Spinning Disk Confocal: reduz a foto -escala com varredura mais rápida em comparação com o confocal de varredura a laser tradicional. Ideal para processos dinâmicos.
2. Microscopia de fluorescência de folha leve (LSFM):
Ilumina apenas o plano focal, reduzindo drasticamente a exposição à luz e permitindo imagens de longo prazo (por exemplo, horas a dias).
3. Microscopia de dois fótons:
Utiliza luz infravermelha próxima para penetração de tecido mais profunda e fototoxicidade reduzida, adequada para amostras grossas, como culturas 3D.
4. TIRF (fluorescência total de reflexão interna):
Visualiza eventos nomembrana celular(por exemplo, tráfico de vesículas) Imaging uma seção óptica fina (~ 100 nm).

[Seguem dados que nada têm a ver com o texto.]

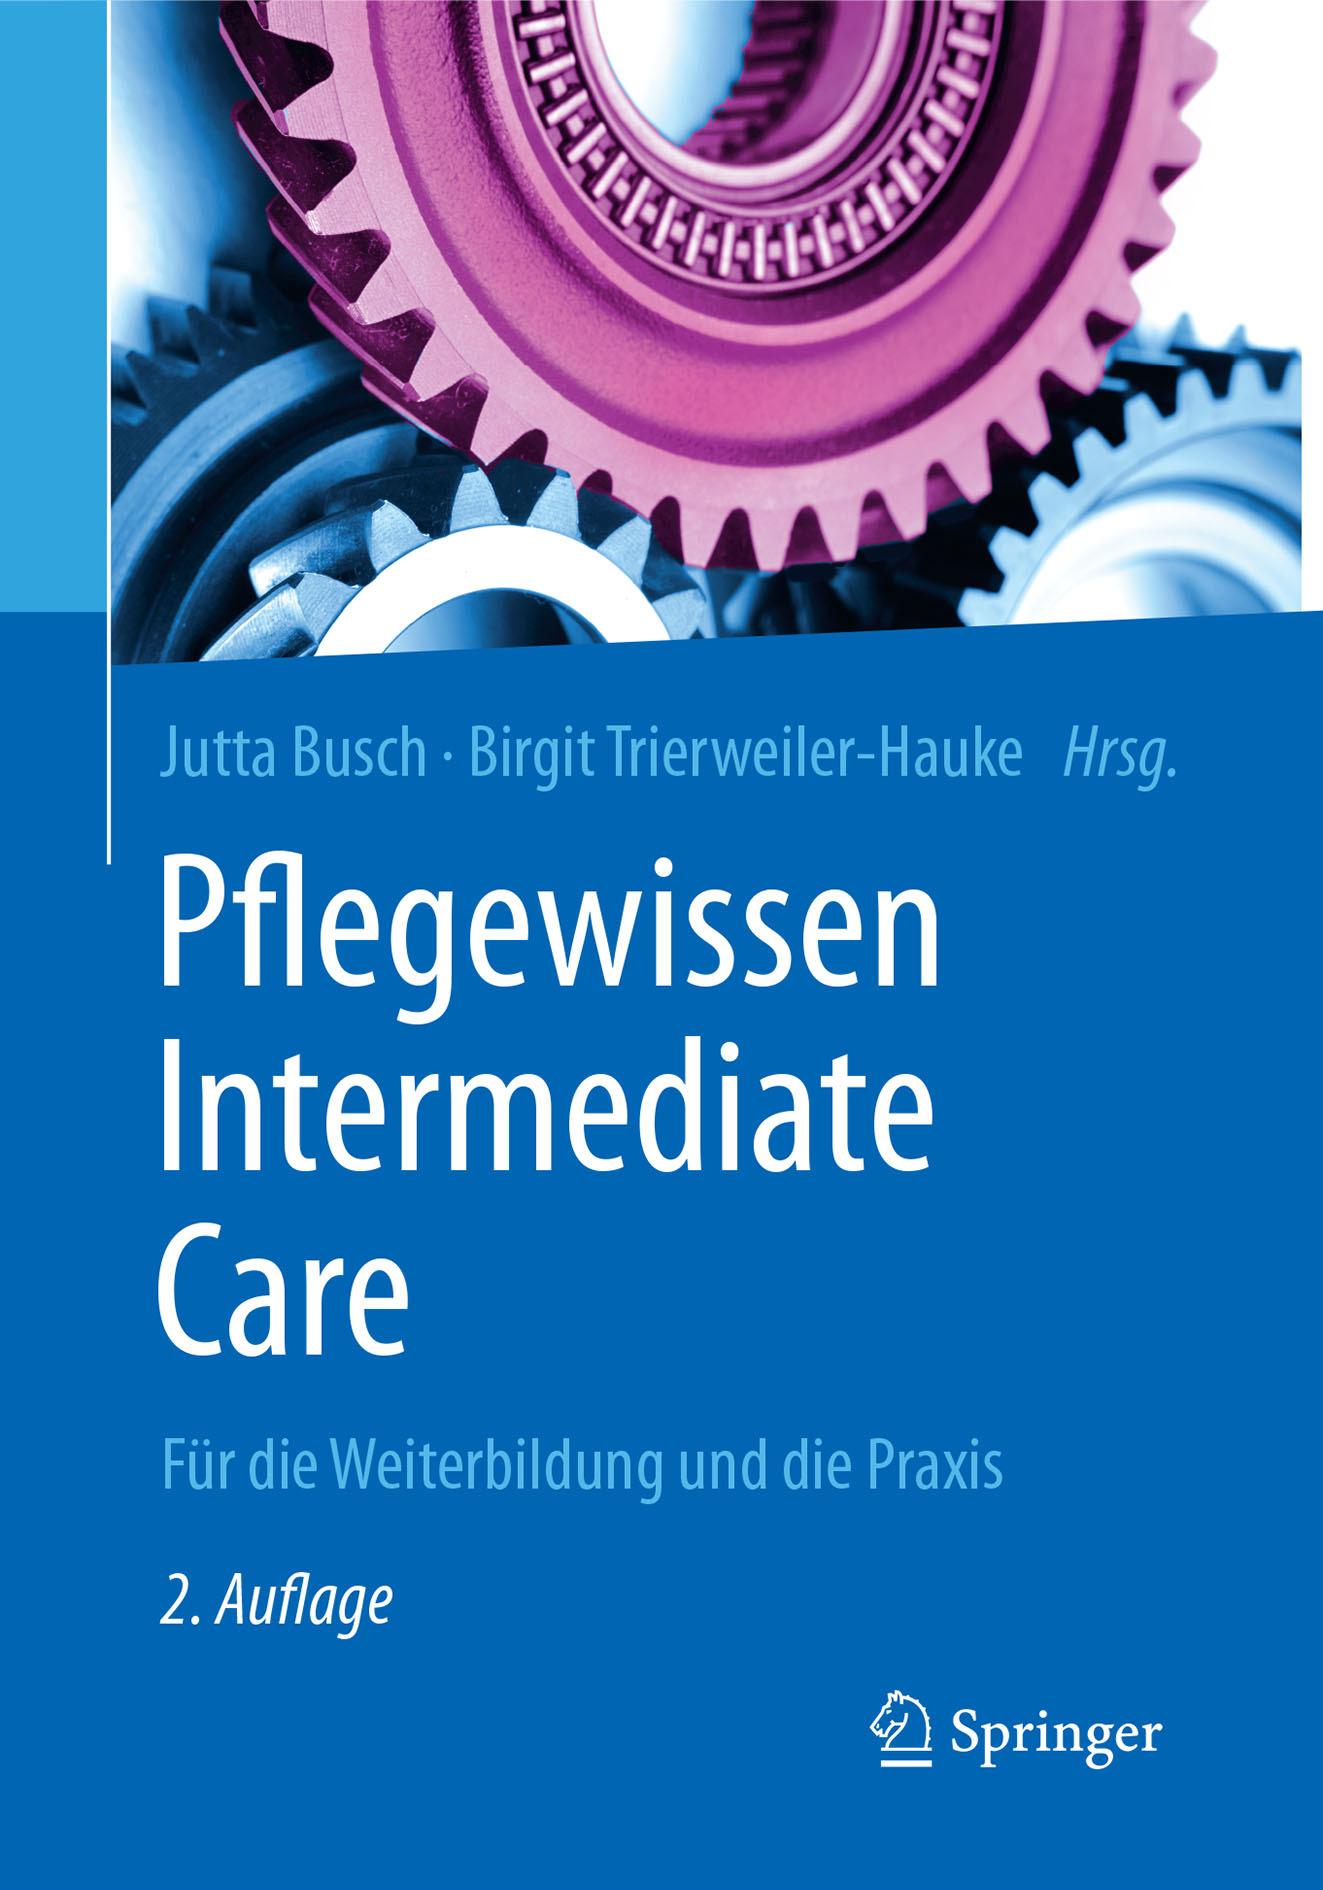 Busch, Jutta - Pflegewissen Intermediate Care, ebook

5. Microscópios de super-resolução (por exemplo, sted, sim):
Alcançar uma resolução mais alta, mas requer otimização cuidadosa para equilibrar a exposição à luz e a saúde celular.
6. Sistemas otimizados para células vivas:
Incorporar câmaras ambientais, óptica adaptativa e detectores com pouca luz (por exemplo, câmeras EM-CCD).
Principais recursos para imagens ao vivo:
- Controle ambiental: mantém a temperatura, o CO₂ e a umidade.
- Aquisição rápida: minimiza o desfoque de movimento para processos dinâmicos.
- Baixa fototoxicidade: filtros, fontes de luz LED ou iluminação da folha leve reduzem os danos.
Escolha com base nas necessidades de resolução, duração da imagem e sensibilidade da amostra.